Randy Luth cashed out to the tune of millions, and Freedom Group streamlined several of the different branches of operations they acquired from Remington, Bushmaster, and DPMS. You now see "Bushmaster" logo AR15's with the Serpent but no ARM, with "Ilion New York" listed as the place of manufacture (Remington), with BCG's with a "D" stamped on the left side (DPMS), using Remington barrels.
Like I said, none of those 3 companies really exists anymore if looking at them the way we were accustomed to over the years. I already went from thinking Bushmaster is best, to I won't buy one of these ever again after watching their QC and very limited quality go downhill in assembly over the early 2000's, and I would never purchase a legacy DPMS carbine in 5.56 from the Luth era anyway after running them in high volume.
To me, the GII looks nothing like the Luth era DPMS low grade aluminum, short cut at every corner carbines, because it simply isn't. That won't escape a lot of people who came to the same conclusions that I did about the Luth era DPMS, because you only get one chance to make a 1st impression, and that simple mentality drives a lot of decision making with gun customers.
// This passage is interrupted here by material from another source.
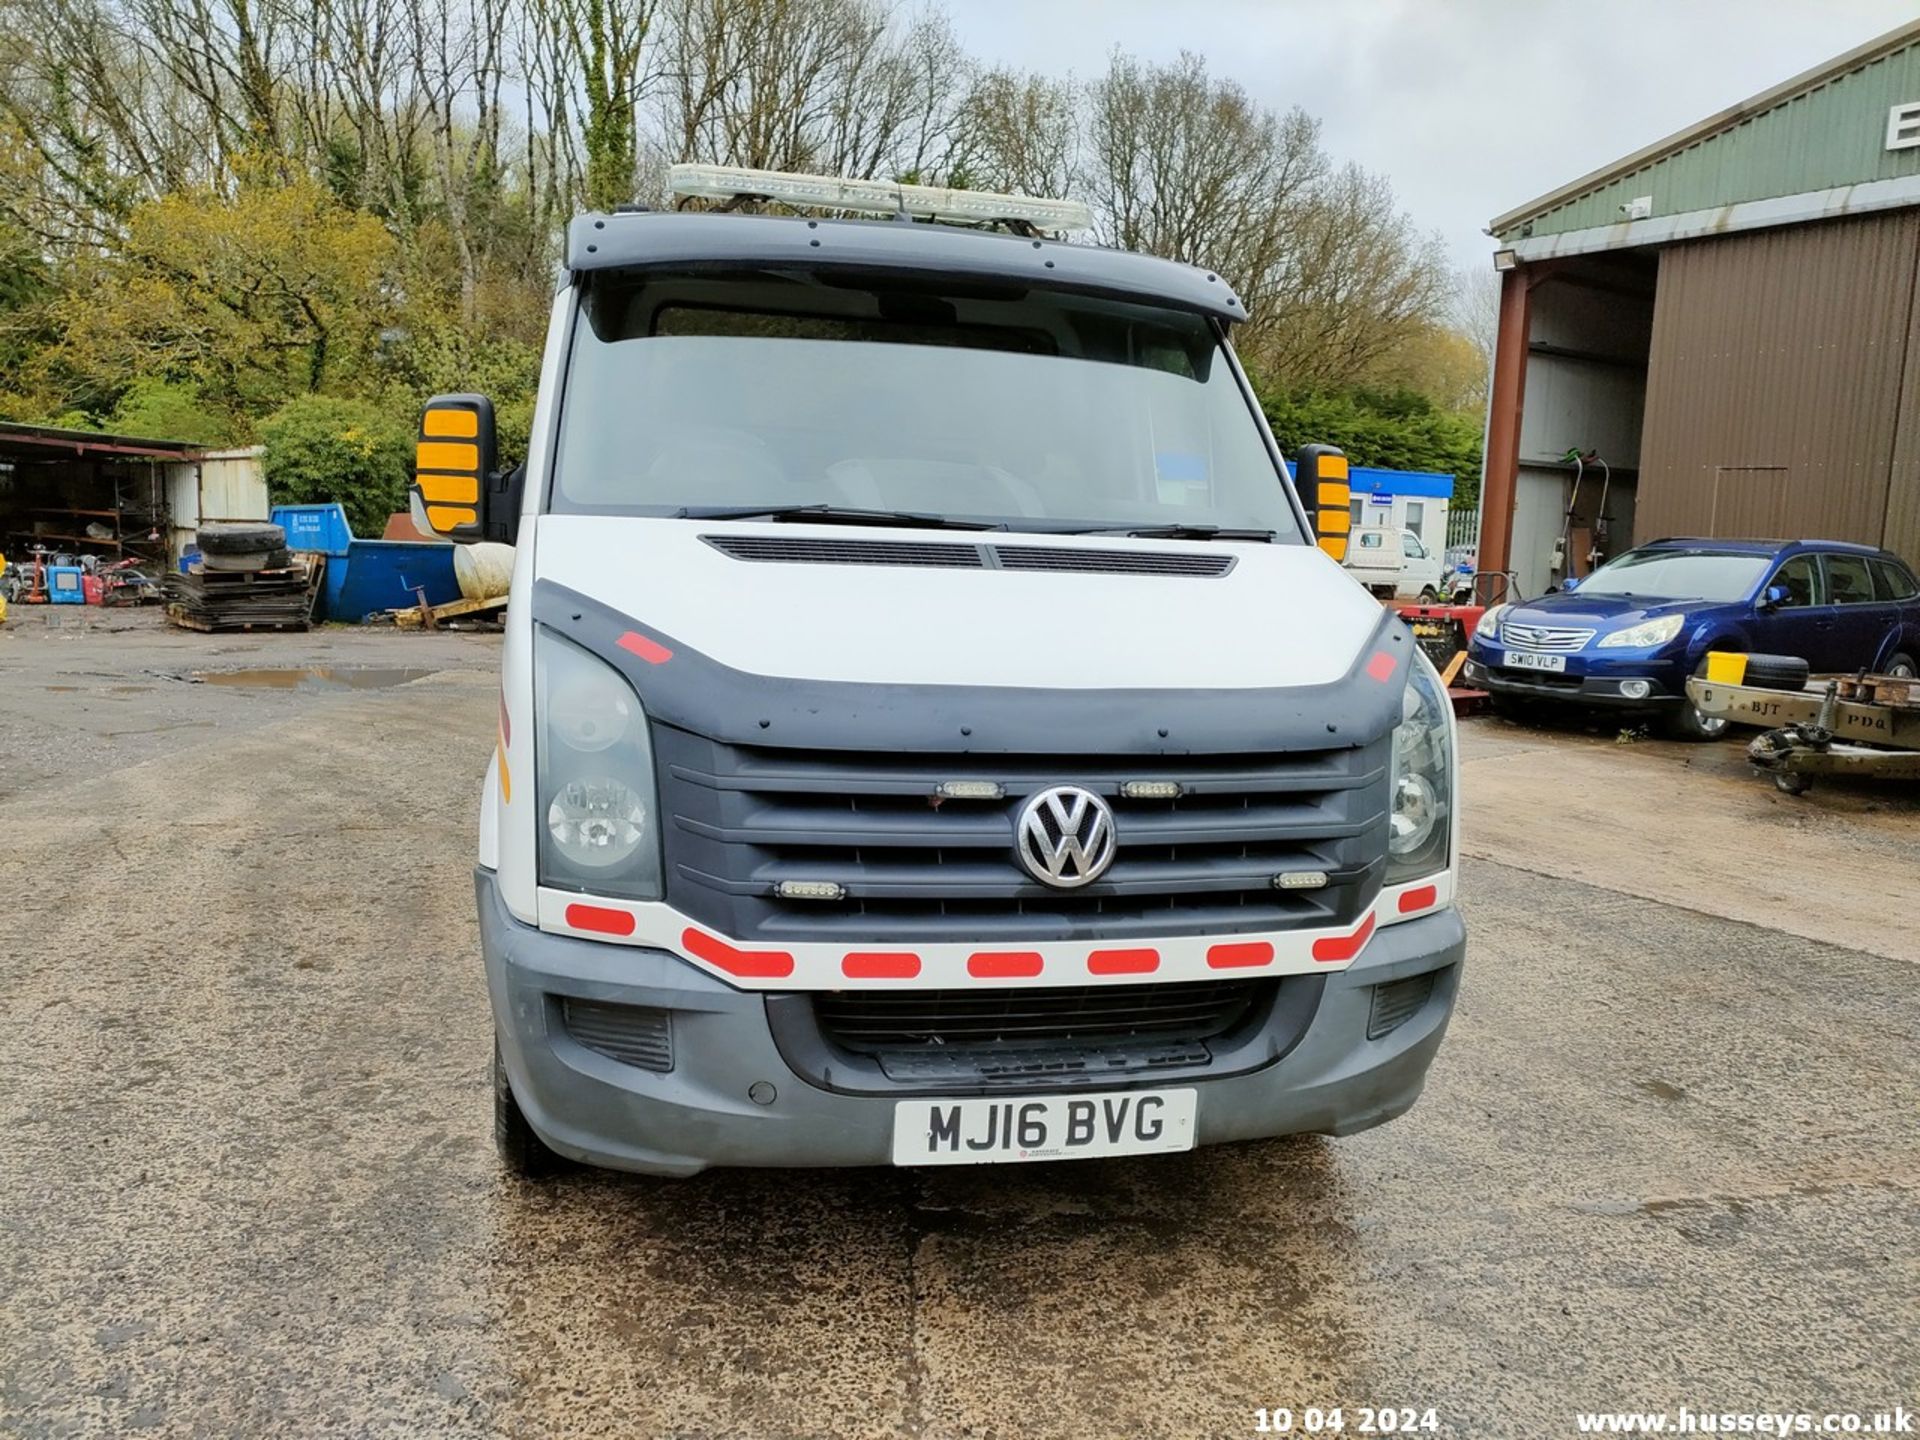 16/16 VOLKSWAGEN CRAFTER CR35 TDI - 1968cc 2dr (White, 146k) - Image 9 of 52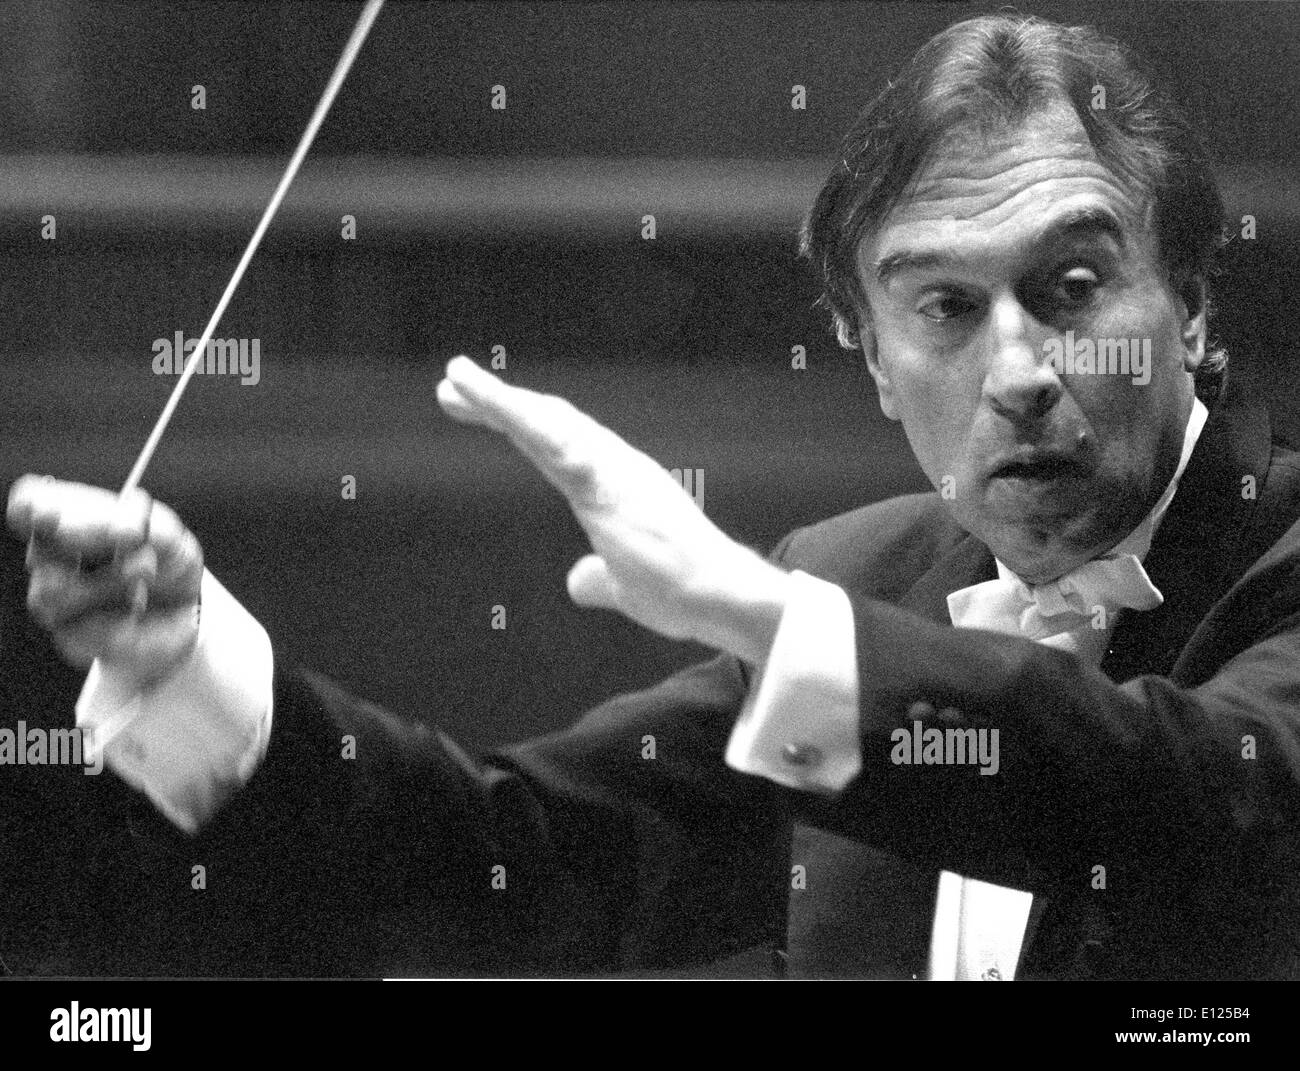 Sep 06, 1991; Lucerne, Switzerland; CLAUDIO ABBADO, conductor of Berliner Philarmonic Orchestra, during a concert at the Kunsthaus Lucerne in Switzerland. (Credit Image: KEYSTONE Pictures USA/ZUMAPRESS.com) Stock Photo

I like to stay flexible and as updated as possible as to what is going on, and the GII really appears to be a new breed of AR innovation in many aspects, none of which resemble DPMS other than some of the cheap and outdated furniture, which I hope is just a way of getting rid of excess stock, and not a continuation of old designs, like the Glacier Guard, or the heavy pineapple quad rails.
Sure, eat the inventory up of those components which Joe Blow is going to rip off and replace with MI and Sampson, but don't make any new ones. The newer handguard designs that DPMS has offered on their 3-gun and more recent rifles makes a lot more sense, or they can start throwing on the MI and Sampson handguards as factory models, replacing what they are putting on the Recon, SASS, and maybe one other model.
If I were driving the boat, I would design a dedicated and updated lightweight SASS handguard, with a permanent 12 o'clock rail, tons of lightening cuts, vent holes, but a sold attachment system that doesn't rob accuracy or come loose. Nobody should have to mess about with the higher price point models, in my opinion.